What's the difference between 'standard error' and 'estimated standard error'?

324 Views Asked by At

100 people are given a standard antibiotic to treat an infection and another 100 are given a new antibiotic. In the first group, 90 people recover; in the second group, 80 people recover. Let $p_1$ be the probability of recovery under the standard treatment and let $p_2$ be the probability of recovery under the new treatment. We are interested in estimating $θ=p_1-p_2$. Provide an estimate, an 95 percent confidence interval for θ. (for 95 percent confidence interval, $z_{0.5/2}$=2)

I got problem like this, since estimator is $\hat{\theta} =\hat{p_1} -\hat{p_2} = 0.9-0.8 = 0.1$. $\hat{se} $ is 0.05. I thought I solved the problem.

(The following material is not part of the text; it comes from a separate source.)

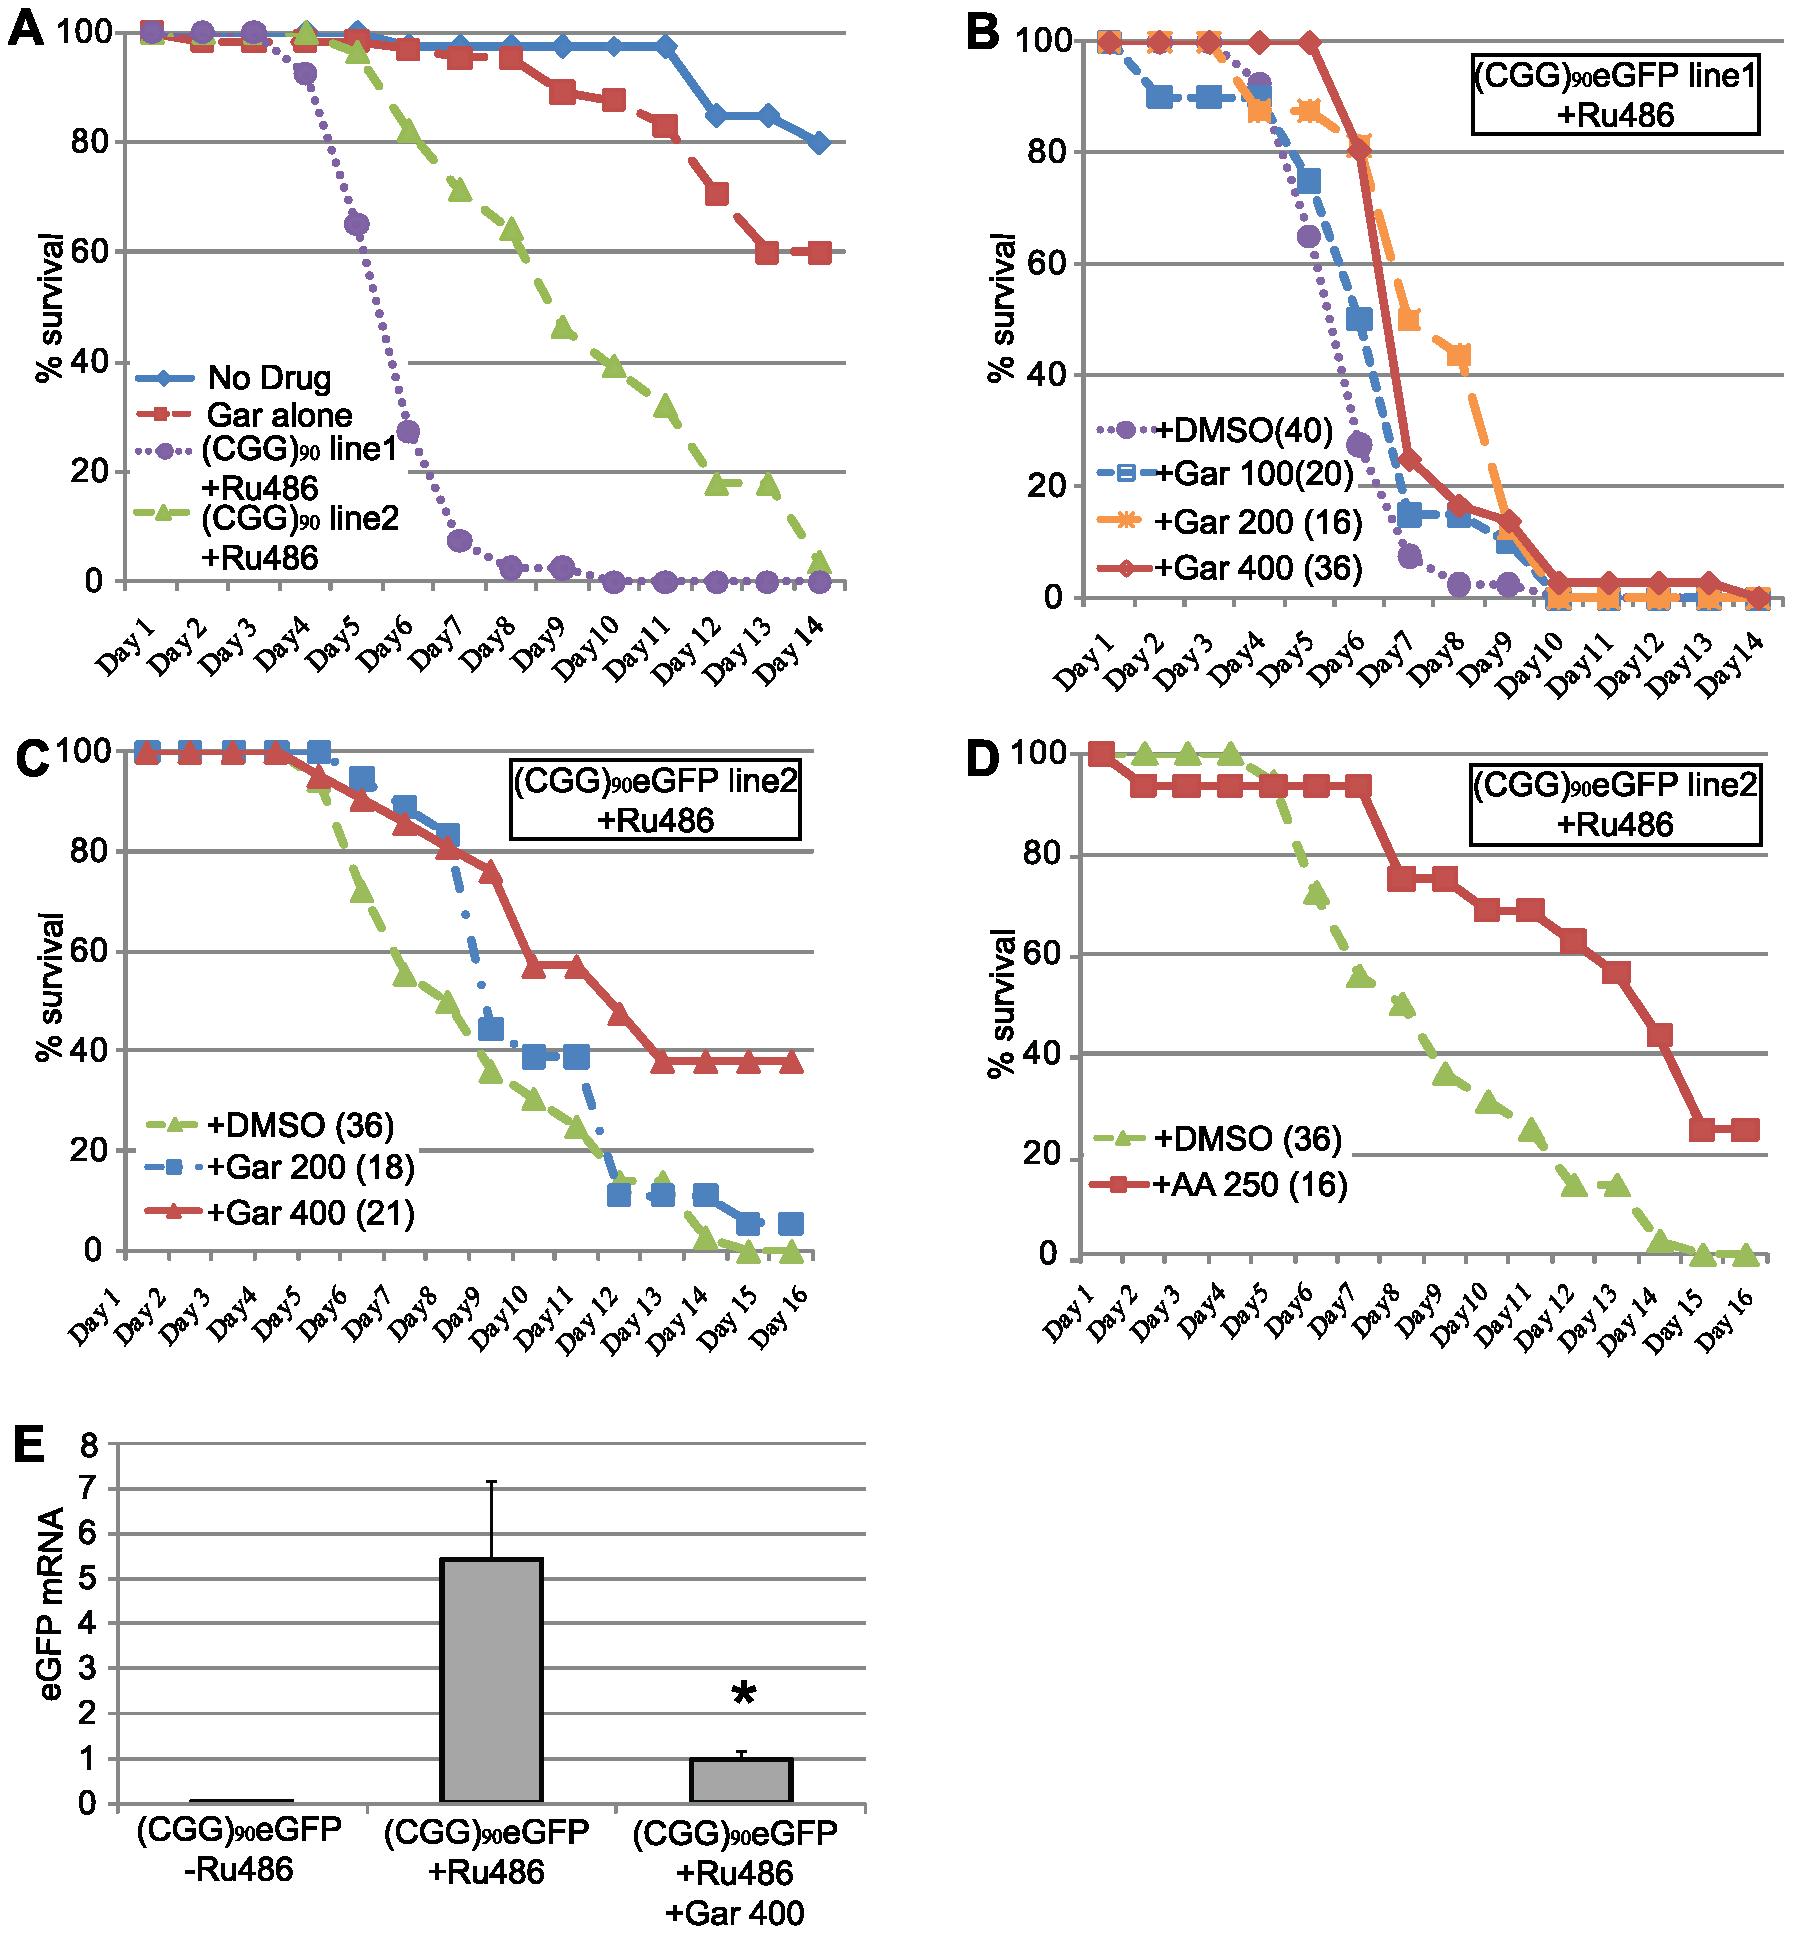 HAT inhibitors extend lifespan in adult (CGG)<sub>90</sub>-eGFP flies.

but what bothers me, someone said me that $p_1$, and $\hat{p_1}$ are the same. $se$ and $\hat{se}$(estimated standard error) are the same thing, What I thought til that day was I couldn't get real probability $p_1$ and $p_2$(since I can't know what distribution they follow), so get $\hat{p_1}$, and $\hat{p_2}$, and get $\hat{se}$.

Do I miss some concept?

1

There are 1 best solutions below

0
On BEST ANSWER

First, $\hat\theta = \hat p_1 - \hat p_2 = \frac{90}{100} = \frac{80}{100} = 0.9 - 0.8 = 0.1.$

Then, $V(\hat p_1) = \frac{p_1(1-p_1)}{n},$ so $\hat V(\hat p_1) =\frac{\hat p_1(1-\hat p_1)}{n}.$ Similarly, $\hat V(\hat p_2) =\frac{\hat p_2(1-\hat p_2)}{n}.$ By independence, $V(\hat\theta) = V(\hat p_1) + V(\hat p_2),$ so $$\hat V(\hat\theta) = \frac{\hat p_1(1-\hat p_1)}{n}+ \frac{\hat p_2(1-\hat p_2)}{n}$$ and $$\widehat {SE}(\hat\theta) = \sqrt{\frac{\hat p_1(1-\hat p_1)}{n}+ \frac{\hat p_2(1-\hat p_2)}{n}}.$$

The theoretical standard error of $\hat \theta$ would use $p_i, i=1,2,$ but we do not know the true values of the $p_i.$ So we must use the estimated standard error $\widehat{SE}(\hat\theta)$ (with $\hat p_i$s) instead.

Thus a 95% confidence interval for $\theta$ is $\hat \theta \pm 1.96 \widehat{SE}(\hat \theta).$

Notice that two approximations are involved: (1) assuming that $\hat\theta$ is approximately normal, justifying the use of $1.96$ and (2) using the estimated standard error instead of the unknown theoretical standard error.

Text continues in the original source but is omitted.